Я хожу в детский сад. Папа говорит, что это моя работа, и смеется. Он вообще редко смеется. Раньше, когда мама заболела туберкулезом, она лежала в больнице, тогда я оставалась в садике ночевать, папа брал меня только на выходные. Воспитательница Ирина Павловна сказала папе, что у меня вши, что я все время держу обе руки в голове. Дома папа взял тетрадку в клеточку, положил ее на стол, я наклонилась над тетрадкой, он стал меня вычесывать и вши посыпались на тетрадку и прыгали по клеточкам. Тогда он отвел меня в парикмахерскую и меня постригли наголо. Машинкой постригли вместе с вшами. У нас в группе есть еще ребята, которых постригли. И девочки тоже.
А потом папа сказал, что мама выздоровела и скоро приедет. Я ждала ее на балконе и смотрела на дорогу, а когда я ее увидела, побежала к ней на улицу и хотела обнять, а она сказала: «Боже, что у тебя на голове?» А я еще была почти лысая, поэтому она так сказала. У мамы самой очень длинные волосы и красивые. Она говорит про них «проклятье», потому что после бани их надо долго-долго расчесывать.
А зимой был грипп. И мама работала даже по выходным. Со мной некому было сидеть, и она брала меня с собой на вызовы. Мы ходили в другие бараки целый день, мама выписывала рецепты. Она ставила меня перед собой, клала мне на шапку рецепт и выписывала. У меня шапка сверху плоская и твердая, на ней удобно писать. Один пациент сказал: «Какой у вас удобный ребенок, Цира Яковлевна». Это он про меня сказал. А мама ничего не сказала, она очень устала от гриппа и говорила только: «Ой вэй». Я спросила, что такое «ой вэй». А мама сказала – когда жизнь тяжелая, так говорят.
Потом я заболела гриппом. Мама сказала: «Это потому, что я тебя таскала с собой». Я лежала в кровати, а комната становилась круглой, в ней были стулья, много стульев, они все приходили и приходили – стулья. Это как сон, но я не спала. Мама сказала, что это бред из-за гриппа.
Потом я выздоровела и пошла в садик. Нам там дают манный пудинг с киселем на сладкое. Я только кисель ложкой съедаю, а манный пудинг не ем, потому что он белый и блестит. И дрожит. И у него сверху корочка. Но воспитательница говорит, что пока я не съем, не пойду спать. А я ей один раз ответила «Ой вэй!», но она не поняла. Все уже уходят на мертвый час, а я сижу за столом.
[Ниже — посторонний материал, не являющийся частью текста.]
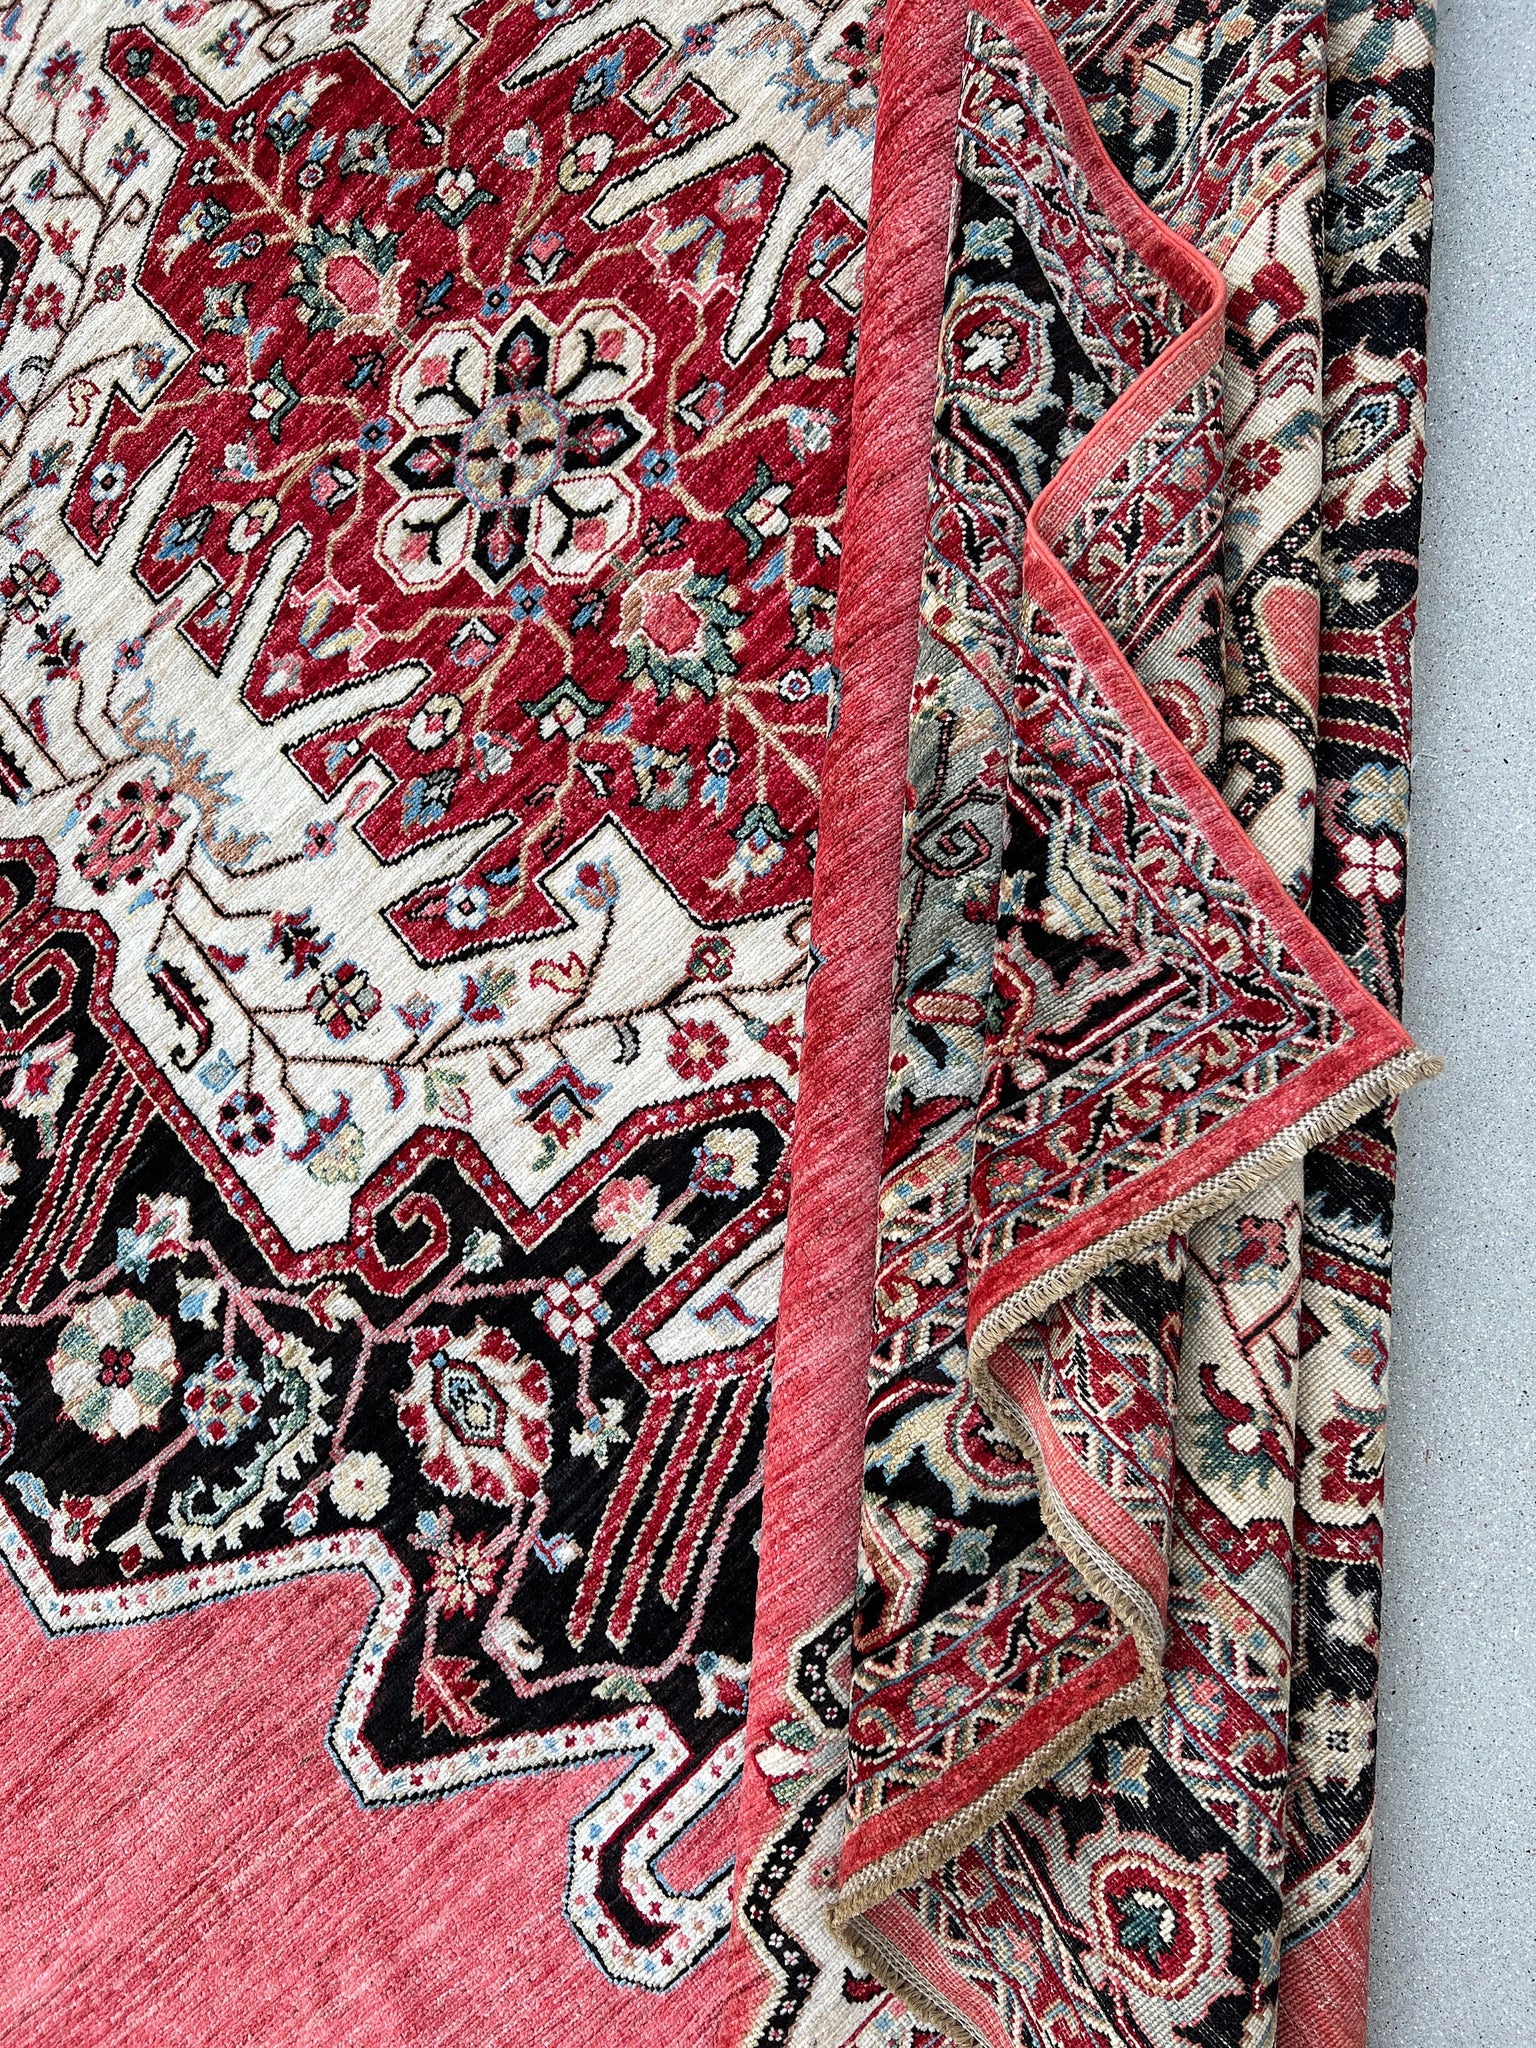 9x12 (275x365) Handmade Afghan Rug | Blush Pink Crimson Red Dark Brown Black White Cream Sky Blue Teal Green Ivory | Knotted Tribal Persian

Воспитательница говорит, что как мне не стыдно, идет война, люди голодают, а я не ем этот пудинг. Потом она меня отпускает.
Манный пудинг дают часто. Я все время из-за него всех задерживаю. Но когда работает повариха Галя, она идет мимо, когда я уже съела кисель, и незаметно половником мне еще на пудинг кладет кисель. Я его опять ем. Я быстро его ем, чтобы воспитательница не заметила, что у меня второй кисель. Я рассказала маме, а мама засмеялась и сказала, что знает Галю, это ее пациентка.
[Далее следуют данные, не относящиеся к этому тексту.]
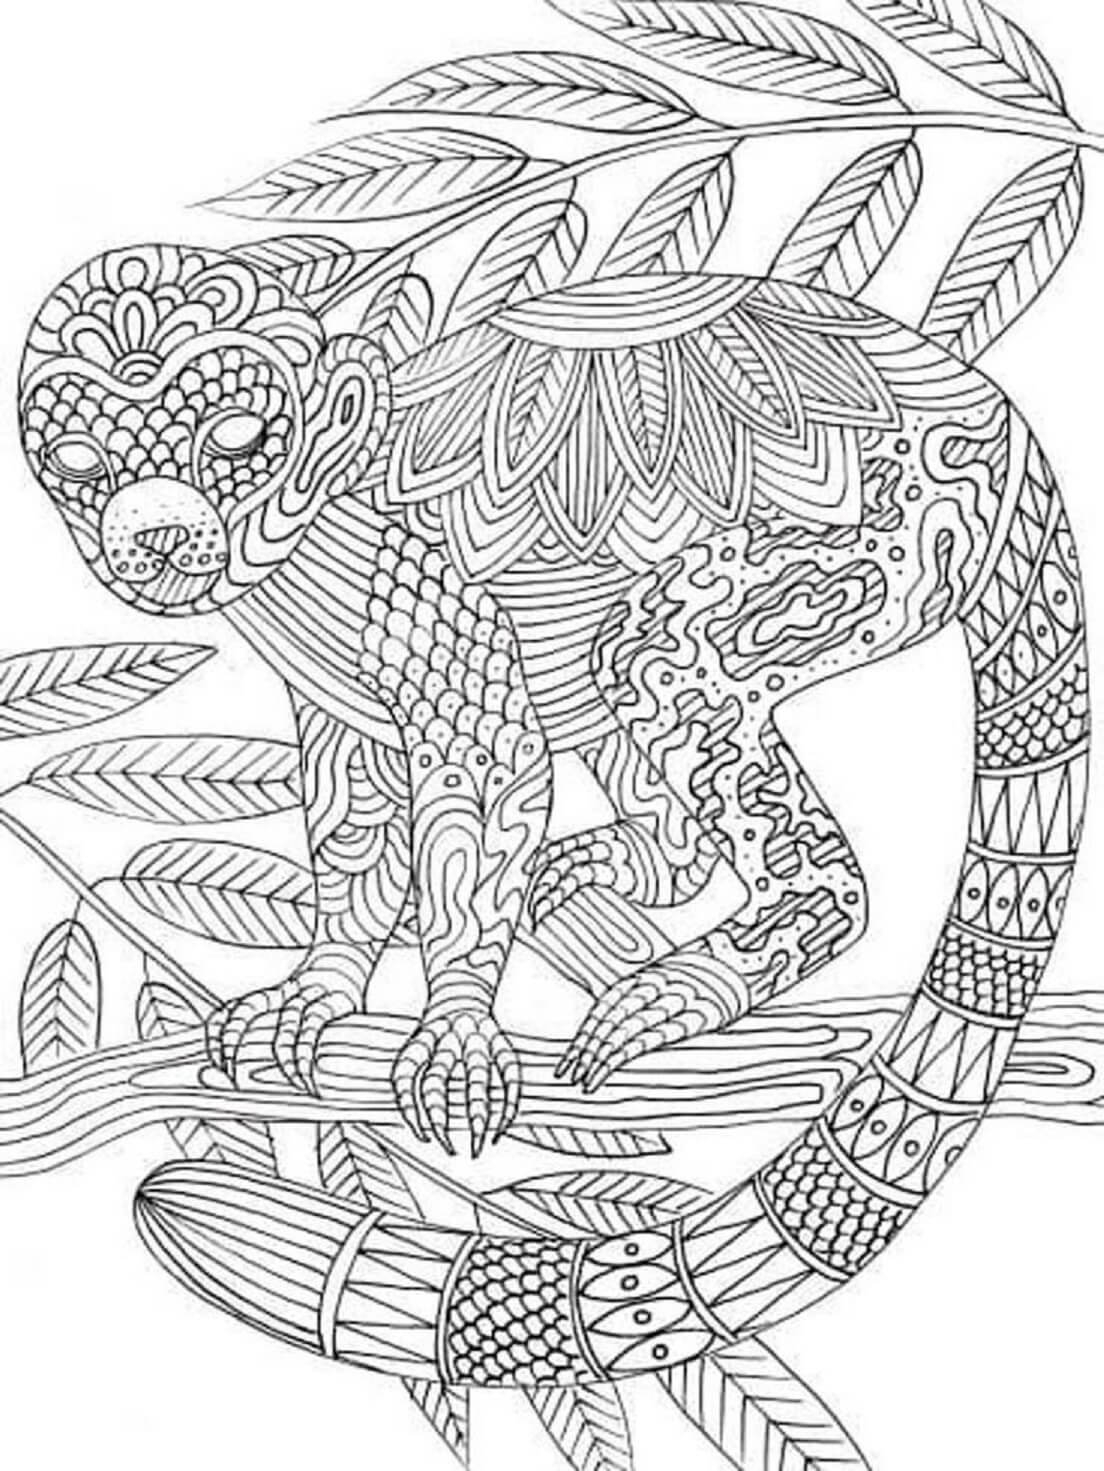 Mandala Monkey With Leaves Coloring Page Mandalas
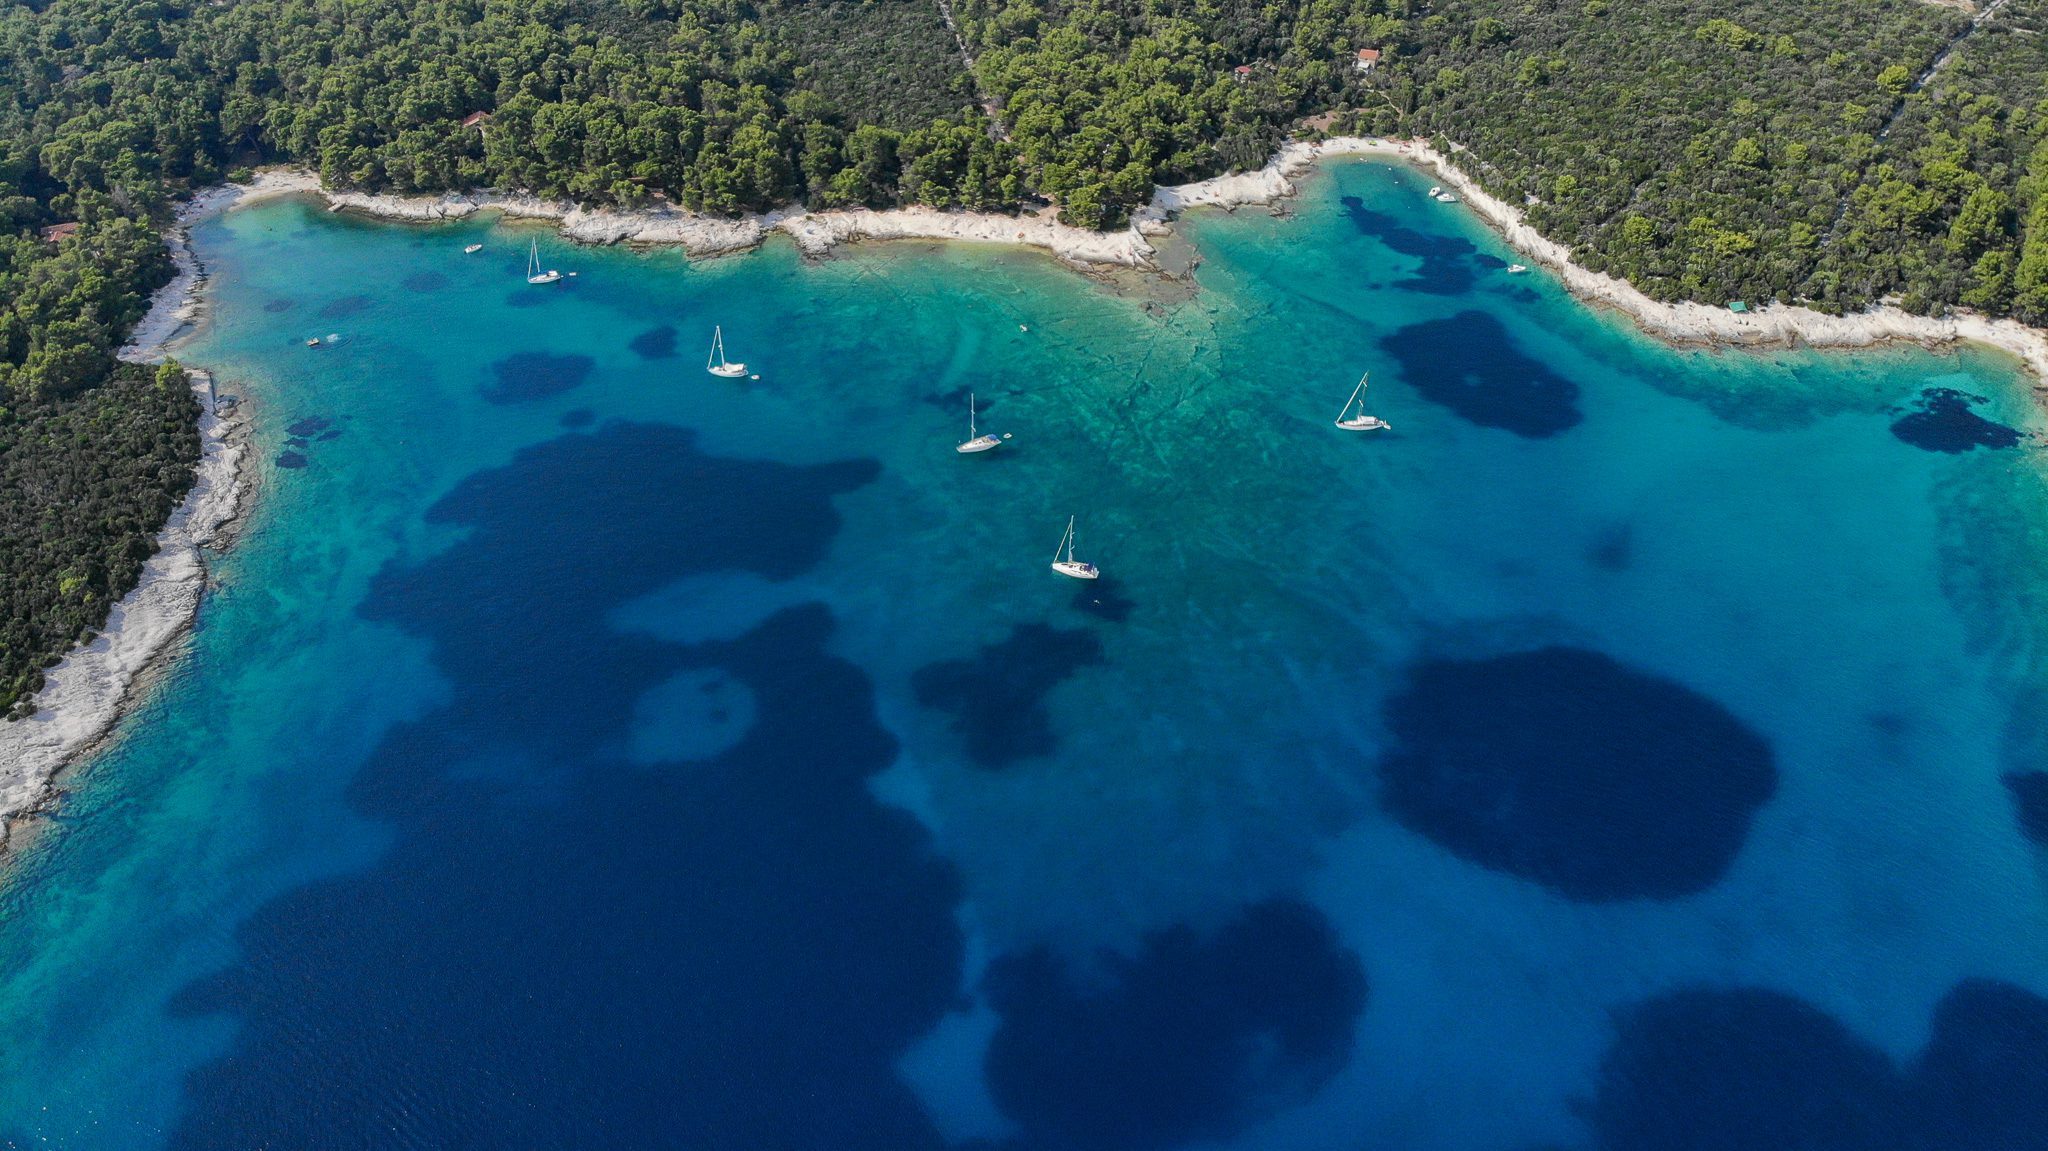 Beautiful view of nature and Adriatic sea at Veli Lošinj Croatia from Ljubicic Tennis Academy

А еще на меня нарисовали в стенгазете карикатуру и написали: «У всех тихий час, а Таня Шумилина все еще ест». Стенгазета называется «молния», мы ее смотрим, а потом идем играть. У меня в саду нет кукол, только буденновцы и мишки. У меня были куклы, но, когда мы эвакуировались, мама их оставила в Подольске. Она сказала, что война, что «вот только кукол мне не хватало» и что она не знает, как ей все сложить, всего пять мест дали, и как ей всю свою жизнь в пять мест упаковать.